## Data section
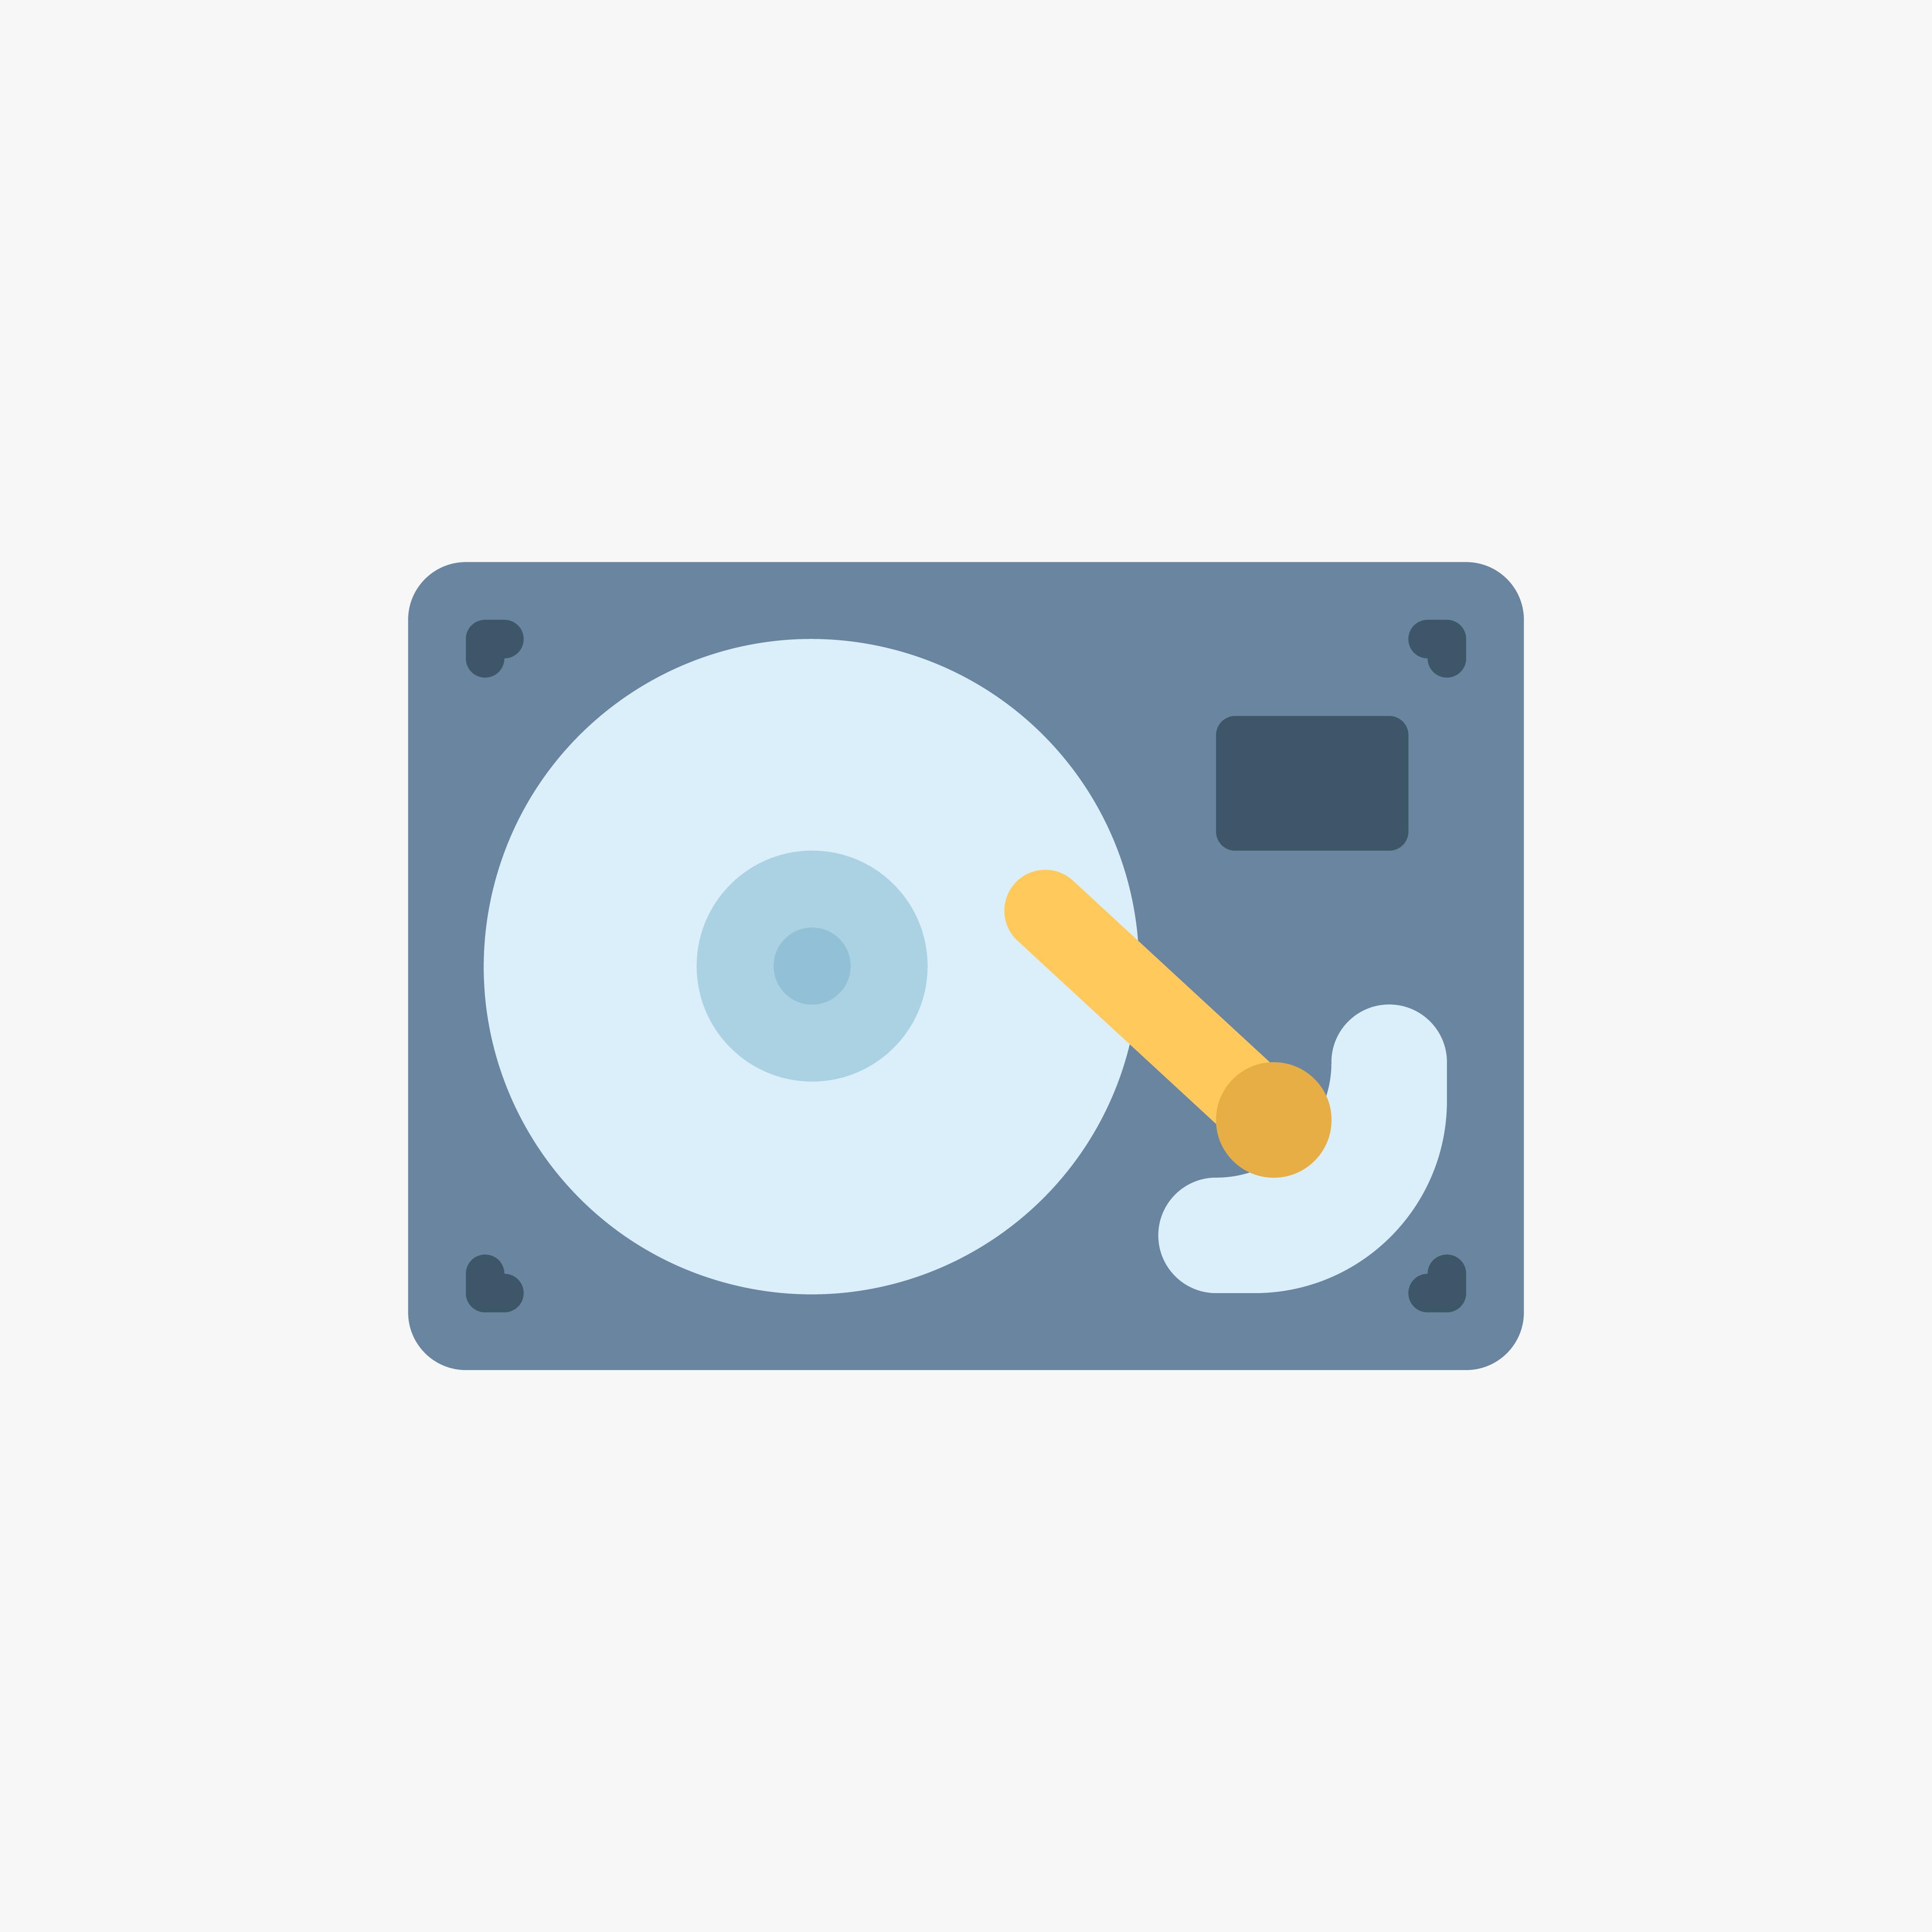 DELL OPTIPLEX GX110 ,SKT 370, HU-384WJ, CPU 866MHZ,
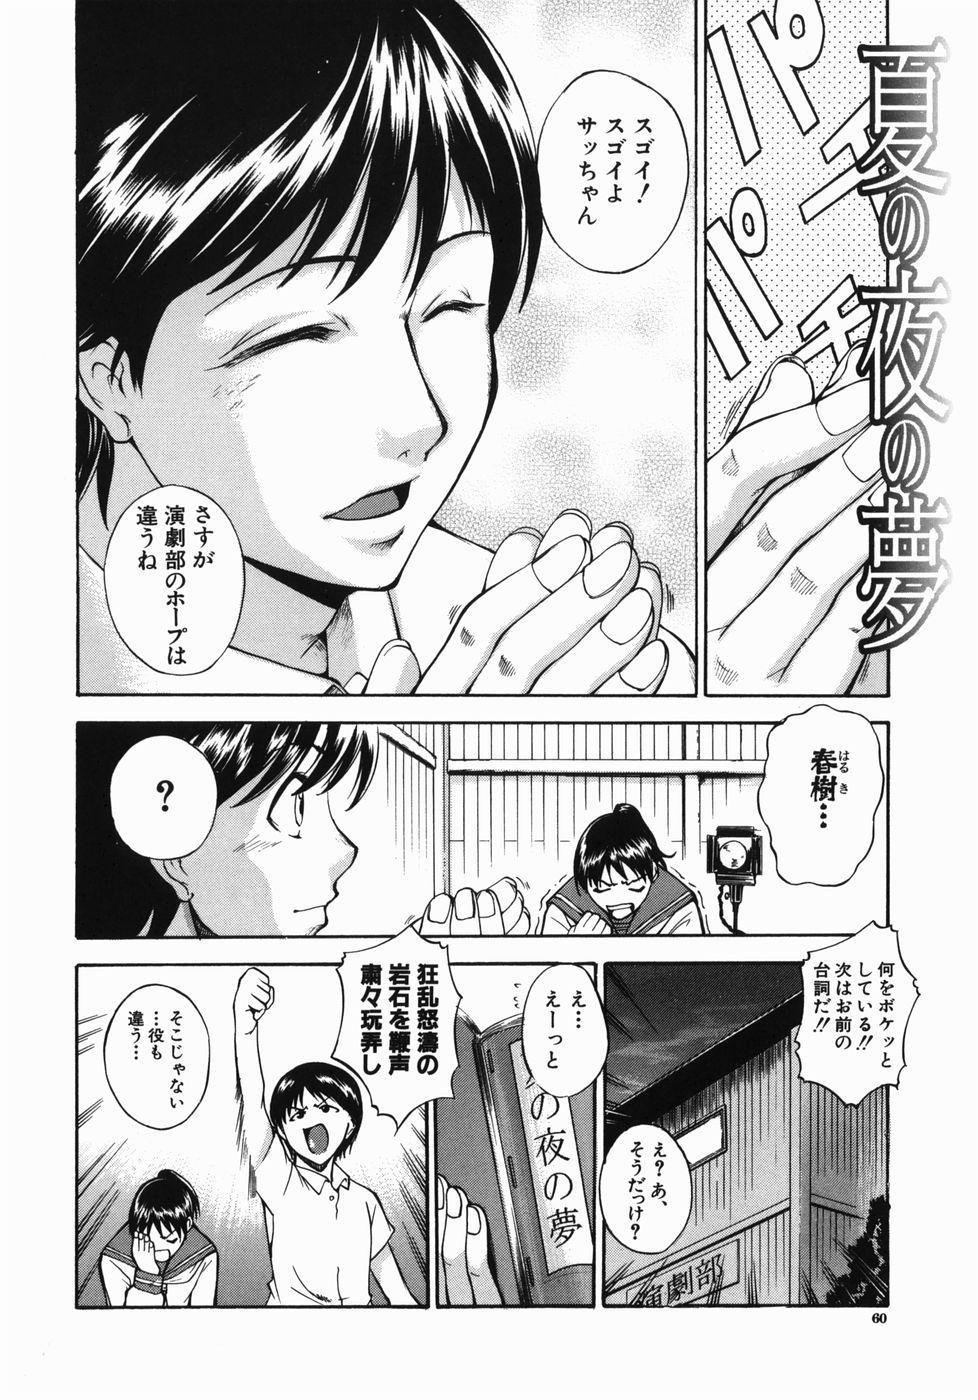 Shiiku Ganbou 59
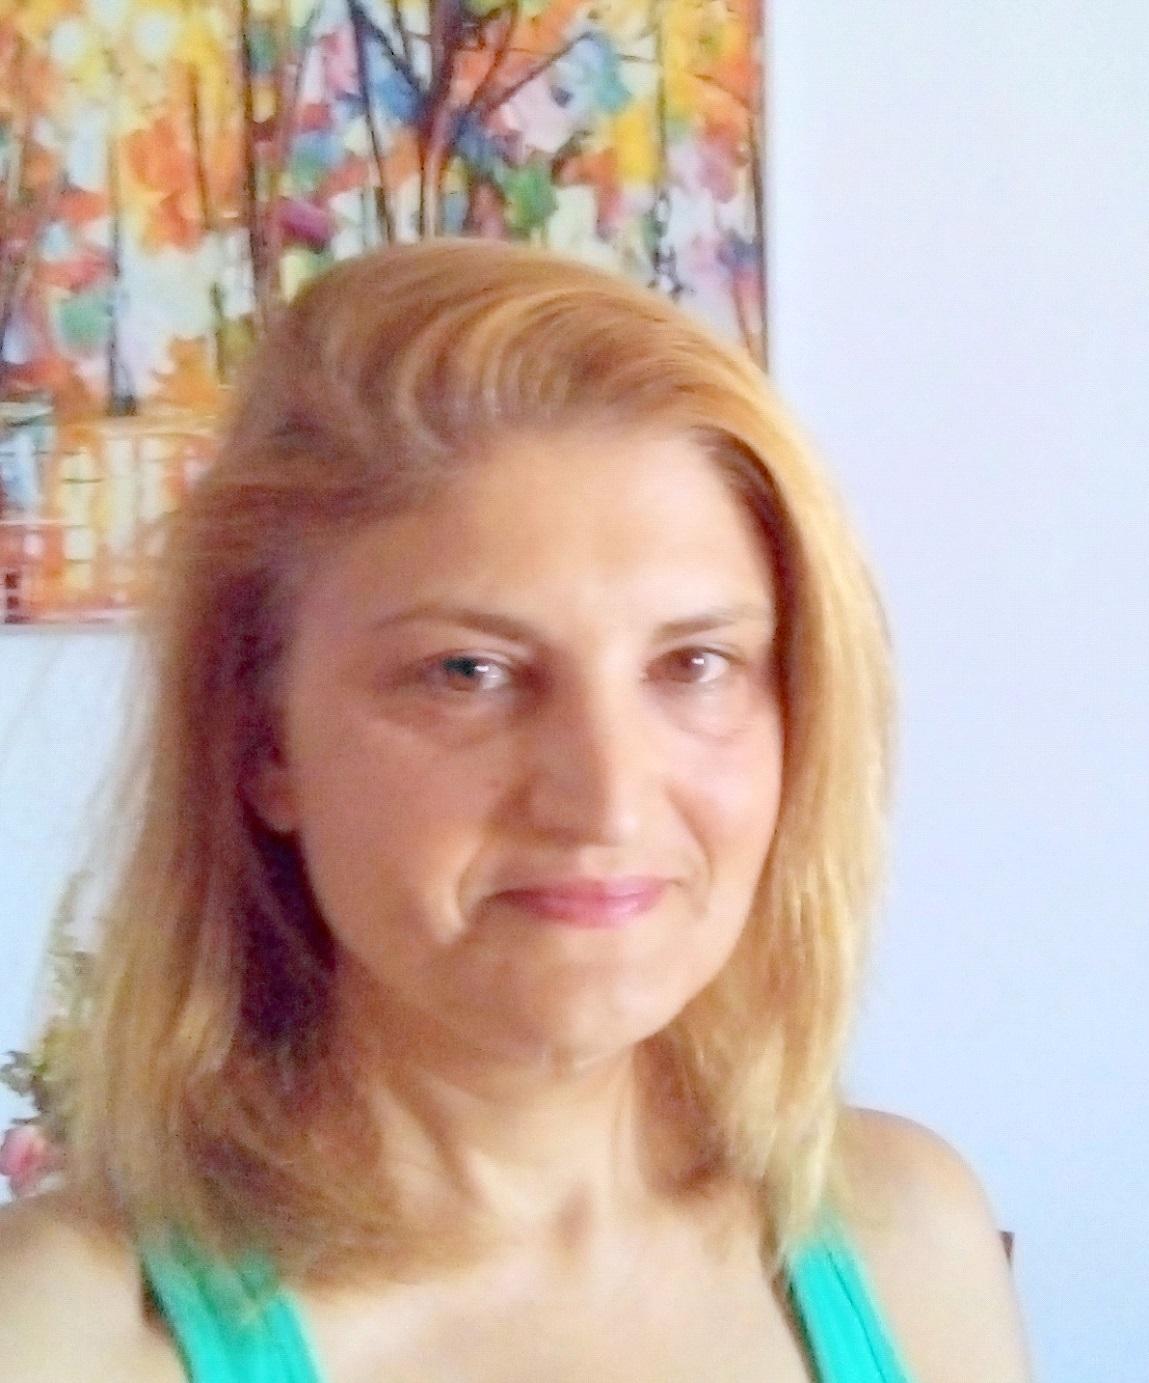 Ζαχαρένια Δουλγεράκη
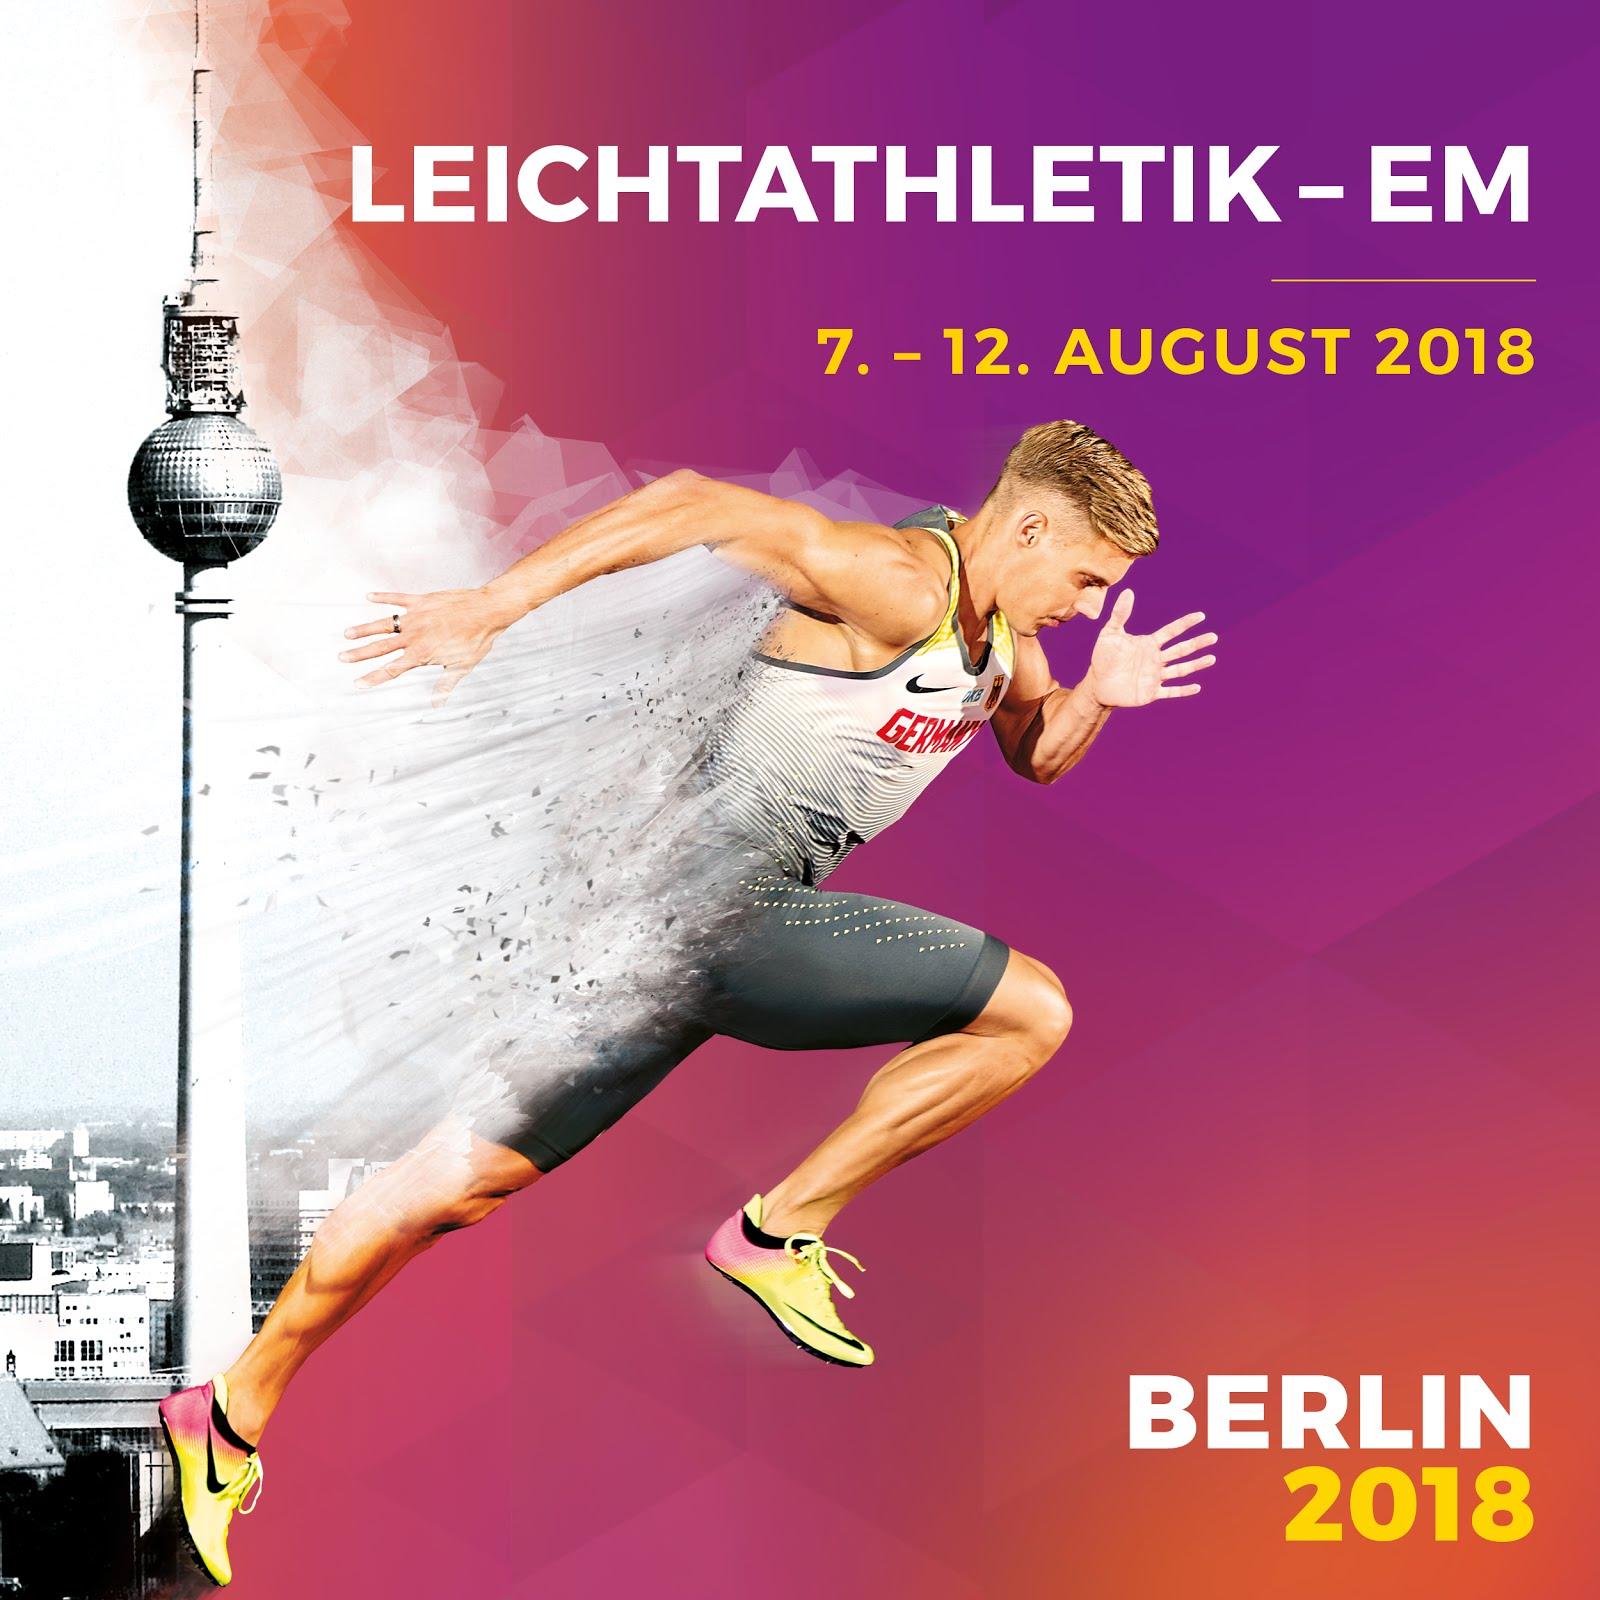 CAMPEONATO DE EUROPA DE ATLETISMO BERLIN 2018

## Problem to work on
Pictures aside, transcribe exactly the lines from the line containing "Shiiku Ganbou 59" through the final line of the material above.

## Answer area
 Shiiku Ganbou 59
 Ζαχαρένια Δουλγεράκη
 CAMPEONATO DE EUROPA DE ATLETISMO BERLIN 2018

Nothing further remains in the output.